For Your Consideration: Women Directors Missing From the Oscars

Saturday, February 25th, 2012

This video has been tearing up the web, as well it should.

As far as I can tell, it’s the work of Melissa Silverstein, and she’s absolutely right about everything she says.

Women created the cinema. Alice Guy was arguably the first person to make a film with a plot, La fée aux choux (The Cabbage Patch Fairy, 1896); the first to make a film with sound; the first to make a film in hand-stenciled color; the first to make a film longer than 1 minute; the first to make a multi-reel film; and she started her long career in 1896, long before D.W. Griffith even thought of making a film. Her contemporaries were Georges Méliès, The Lumière Brothers, and numerous others, but Alice Guy’s more than 354 films stand as a monumental achievement at the dawn of cinema.

As Ms. Silverstein points out, “in 2011, only 5% of the top grossing films in Hollywood were directed by Women. The number has decreased since 1998. In 84 years only 4 women — Lina Wertmuller, Jane Campion, Sofia Coppola and Kathryn Bigelow — have been nominated for best director. One 1 has won.

Please feel free to send this video out far and wide, and on Sunday, remember that women directors voices and visions are missing from this very large cultural conversation. Telling people this is a cultural problem and not just a gender equity problem is a first step.”

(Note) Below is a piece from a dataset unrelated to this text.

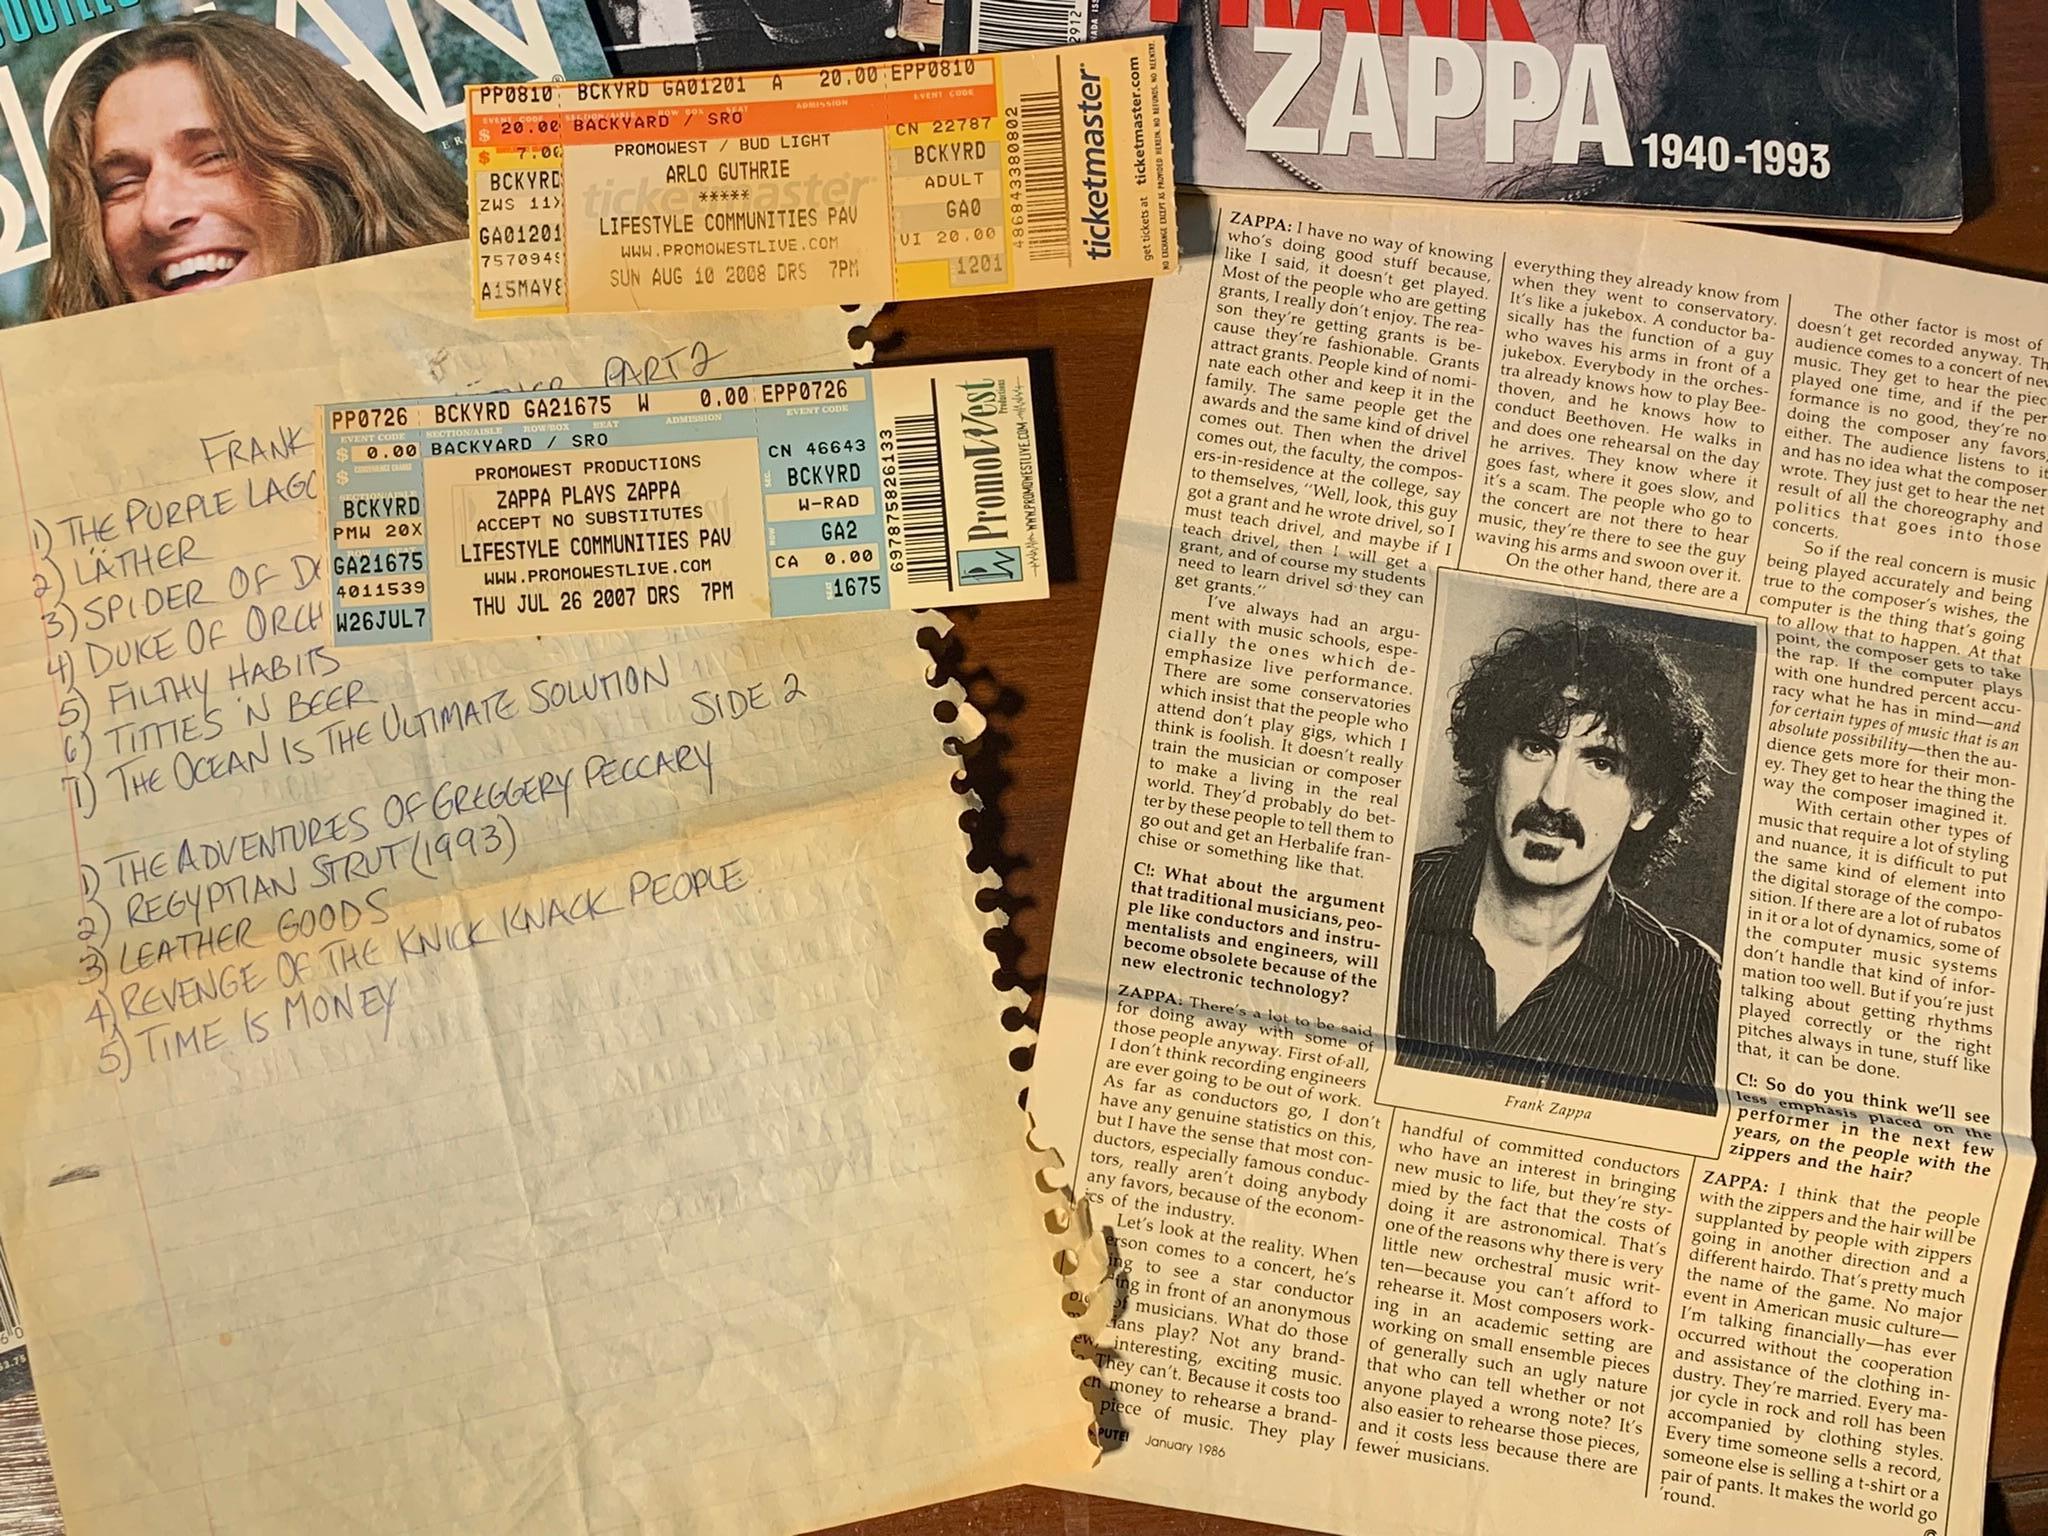 Large Group of Frank Zappa Memorabilia
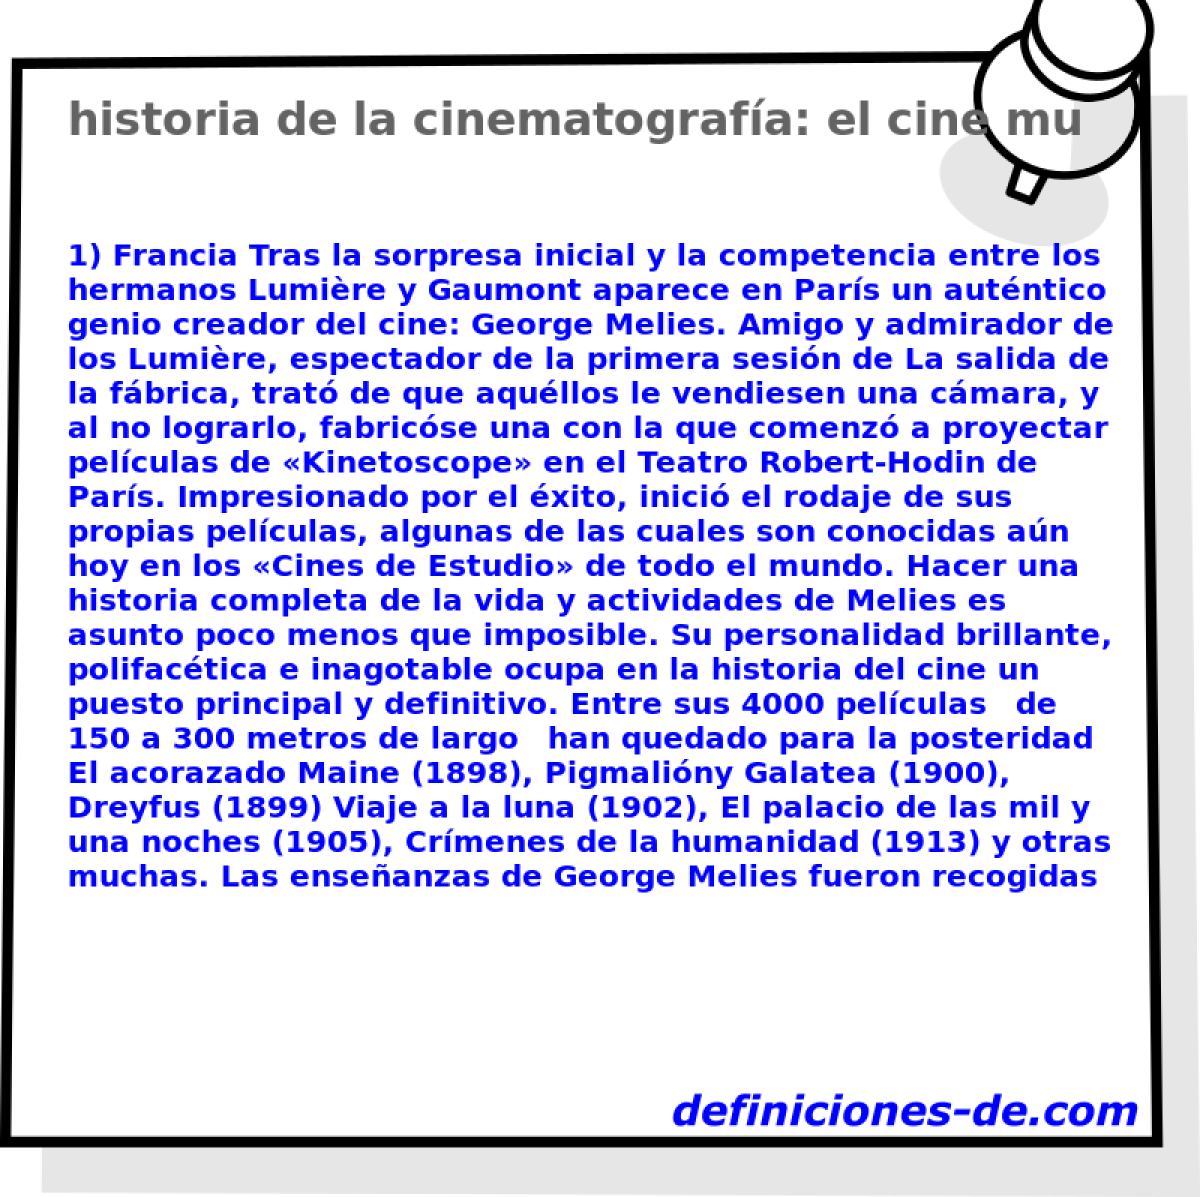 historia de la cinematografa: el cine mudo (1898-1930)

Happy to help. A change would definitely do you good . . .

For more information on women in film, check out Gwendolyn Audrey Foster’s book Women Film Directors: An International Bio-Critical Dictionary, by clicking this link.

Alice Guy

Wednesday, August 24th, 2011

Alice Guy Blaché is the true pioneer of the cinema; born in 1873, she directed more than 300 films before she was forced to retire in 1920.  D.W. Griffith didn’t get behind a camera until 1908’s The Adventures of Dollie; by that time, Alice Guy had directed more than 150 films, and invented most, if not all, of the narrative and editorial techniques Griffith would later take credit for. Her first film was 1896’s La Fée aux Choux, a one minute short; the film was so popular, she wore out the negative making copies, and was obliged to shoot a remake in 1900 to meet public demand. Other films, soon one-reel, then two-reel and longer, quickly followed.

She presented a vision of the world very different from that of her male counterparts — at that time confined to Georges Méliès and Auguste & Louis Lumière – one in which women and children played a major role, along with men, even in such huge historical spectacles as La vie du Christ (1906), a thirty four minute film — nearly four reels — completed at the dawn of cinema.

Here are links to just a few of her many films: these are, for the most part, put up by a fan who loves Alice Guy’s work; they have a logo on the top of Alice Guy looking through a stereoscope, and then smiling for the camera — that’s Alice!

They’re all cheerful, lighthearted, and fun; some are hand colored, frame by frame; and one of them is early sync-sound, using the Chronophone method of recording sound on wax cylinders, with a hand cranked camera.

Here they are:

The Irresistible Piano (1907; with a Ray Charles sound track added later, but it’s got the right spirit; Alice Guy was very much a fan of “pop” music of her era);

Baignade dans un torrent (1897; a very early actuality film);

Danses Gitanes (1905; Gypsy Dance), another actuality, with an extra hand-colored short, Malaguena, tacked on the end;

Au Bal de Flore (1900, hand colored), coupled with Les Fredaines de Pierrette (1900, handcolored), again with a music track added later;

and an early sync sound film, Five O’ Clock Tea, featuring the music hall performer Dranem, made in 1905.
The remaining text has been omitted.